I can’t take it anymore. This sitting still is doing me in. I need gasoline therapy.
I suppose if I owned a vehicle powered by diesel fuel, that would do as well. Diesels can be good because you can get more range from them. Range is essential for what I need. It’s an essential part of gasoline therapy.
I bought my first motorcycle shortly after I turned 33. It was also my first extra-marital affair. Wife-at-the-time hated bikes — just hatedthem. So I promised her I’d only ride my dinky little 500cc Honda around the neighborhood or to the store to get bagels. Sometimes I’d have to ride 100 miles away to get just the right kind of bagel. Because I cared.
But yes — whenever her back was turned, I was sneaking in some time with my prematurely-haggard little Japanese consort, redlining her up a hill on the way to Payson along the Beeline Highway, riding through the moonlight on the way to Globe along US60, doing laps up and down Yarnell Hill and scaring myself shitless.
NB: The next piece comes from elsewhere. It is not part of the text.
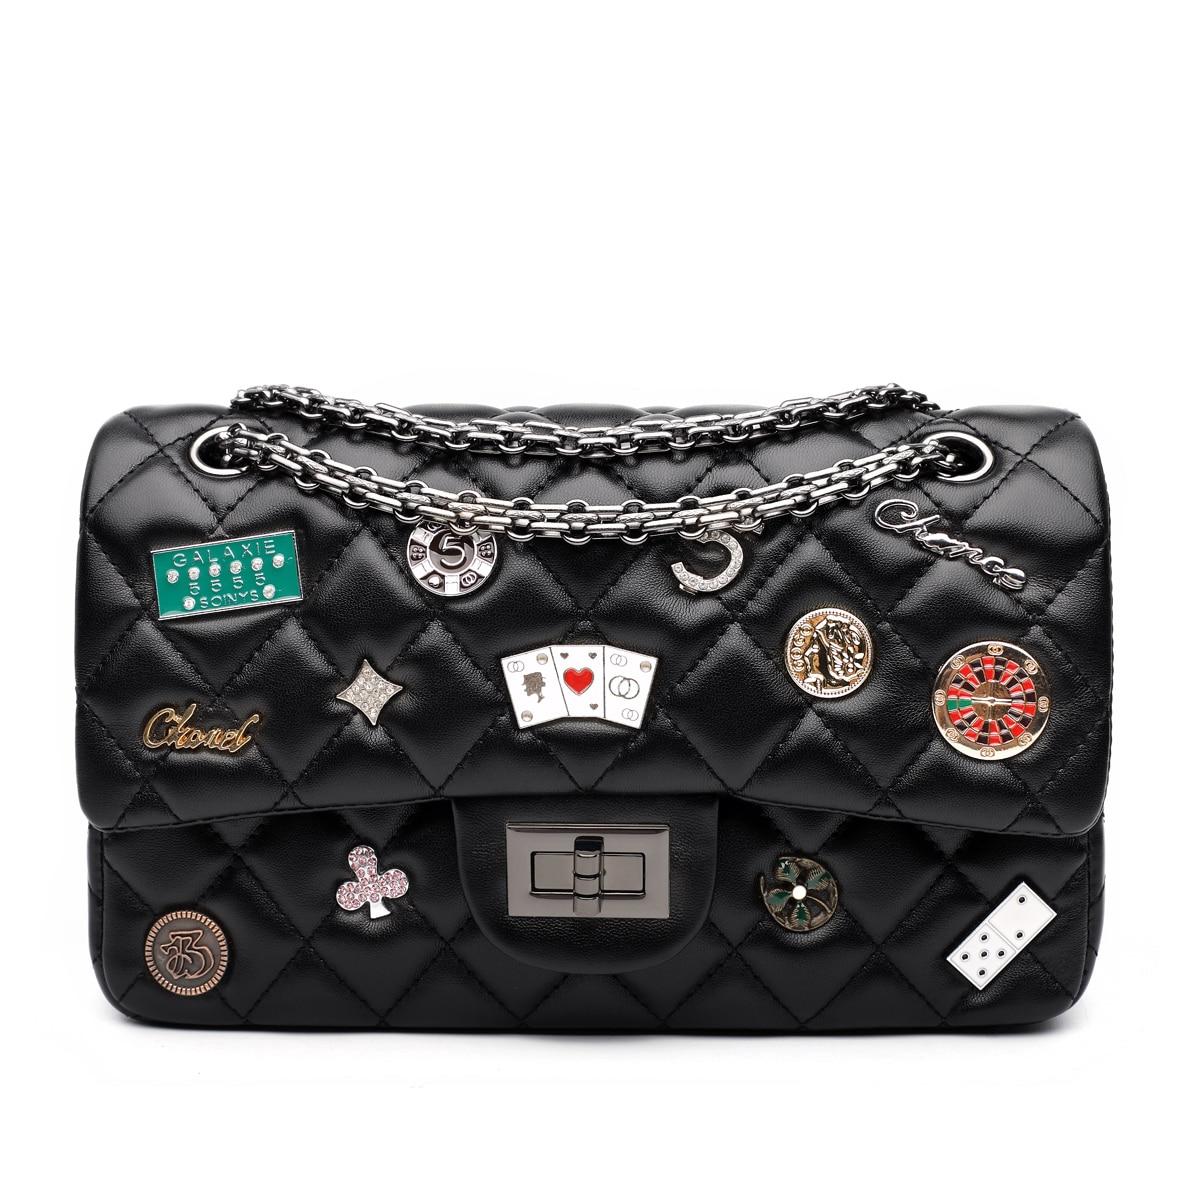 High Quality Small Ladies Messenger Bag Leather Shoulder Bags Women Crossbody Bag for Girl Brand Women Handbag Black White

When I came home one afternoon, wife-at-the-time was in the kitchen and waiting for me. She took one look in my eyes and knew she had lost. Her rival had my affections. That harlot had plied me by burning gasoline–which had never really ceased being my drug of choice. I promised my wife I’d spend more time with her when she wasn’t . . . ohhhh . . . galavanting through the Caribbean with “friends” on “business trips.”
But you know what they say about such things: Slippery-slope and all that. Within a year I had two more bikes, each with longer range than the previous one. I finally bought a Honda ST1100, which carried enough gas to allow me to take in hours of therapy at a time. I was gone — and soon, so was wife.
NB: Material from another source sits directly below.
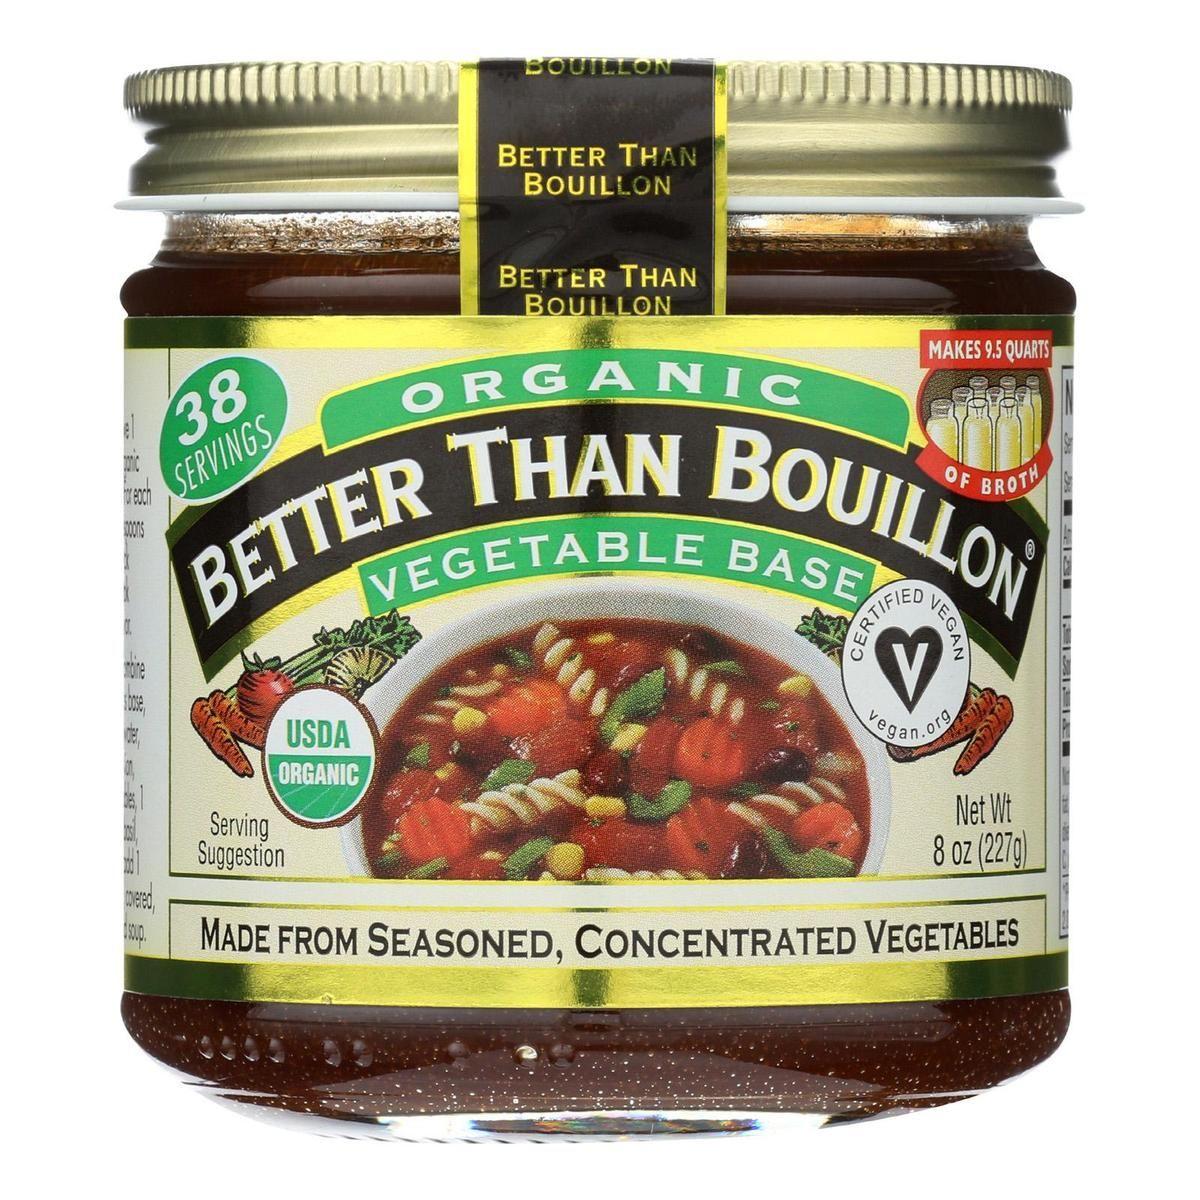 Better Than Bouillon Organic Seasoned Vegetable Base

No big. More time to ride this way.
I used to figure on how many tanks it would take to get me up on a high. I thought in terms of tanks. Usually, after two and a half tanks in that ST1100, I was cookin’. From Phoenix, that would put me somewhere near Reno or Grand Junction, or in some godforsaken part of Utah. Once up on that high, I would sometimes find I just couldn’t stop. I rode to Canada once, just to smoke a cigarette. The Mounties didn’t understand why someone would ride 1500 miles to smoke a cigarette and take a picture near a sign that said “Bienvenue au Canada.” The US Border Patrol on the way back didn’t understand, either. Philistines.
But then life happened. Another marriage happened. A kid happened. Another divorce happened. I came down off my high and started writing instead. Writing is good, but it’s not the same. There are many wanderers who also write, and many works of literature based on wandering. Some of these writer-wanderers eventually settle down, but the wanderlust stays. John Steinbeck took one last journey around the country and used the experience to write what is probably his best book. Then, he died. It was sad, but also a good closure to the career of a man who had helped mythologize the Main Street of America.
So now, I can go a few weeks standing at the bistro table in my condo, socializing at my bar, taking long walks around my ‘hood and bicycle rides a little further away. Then, I need range. I need gasoline therapy.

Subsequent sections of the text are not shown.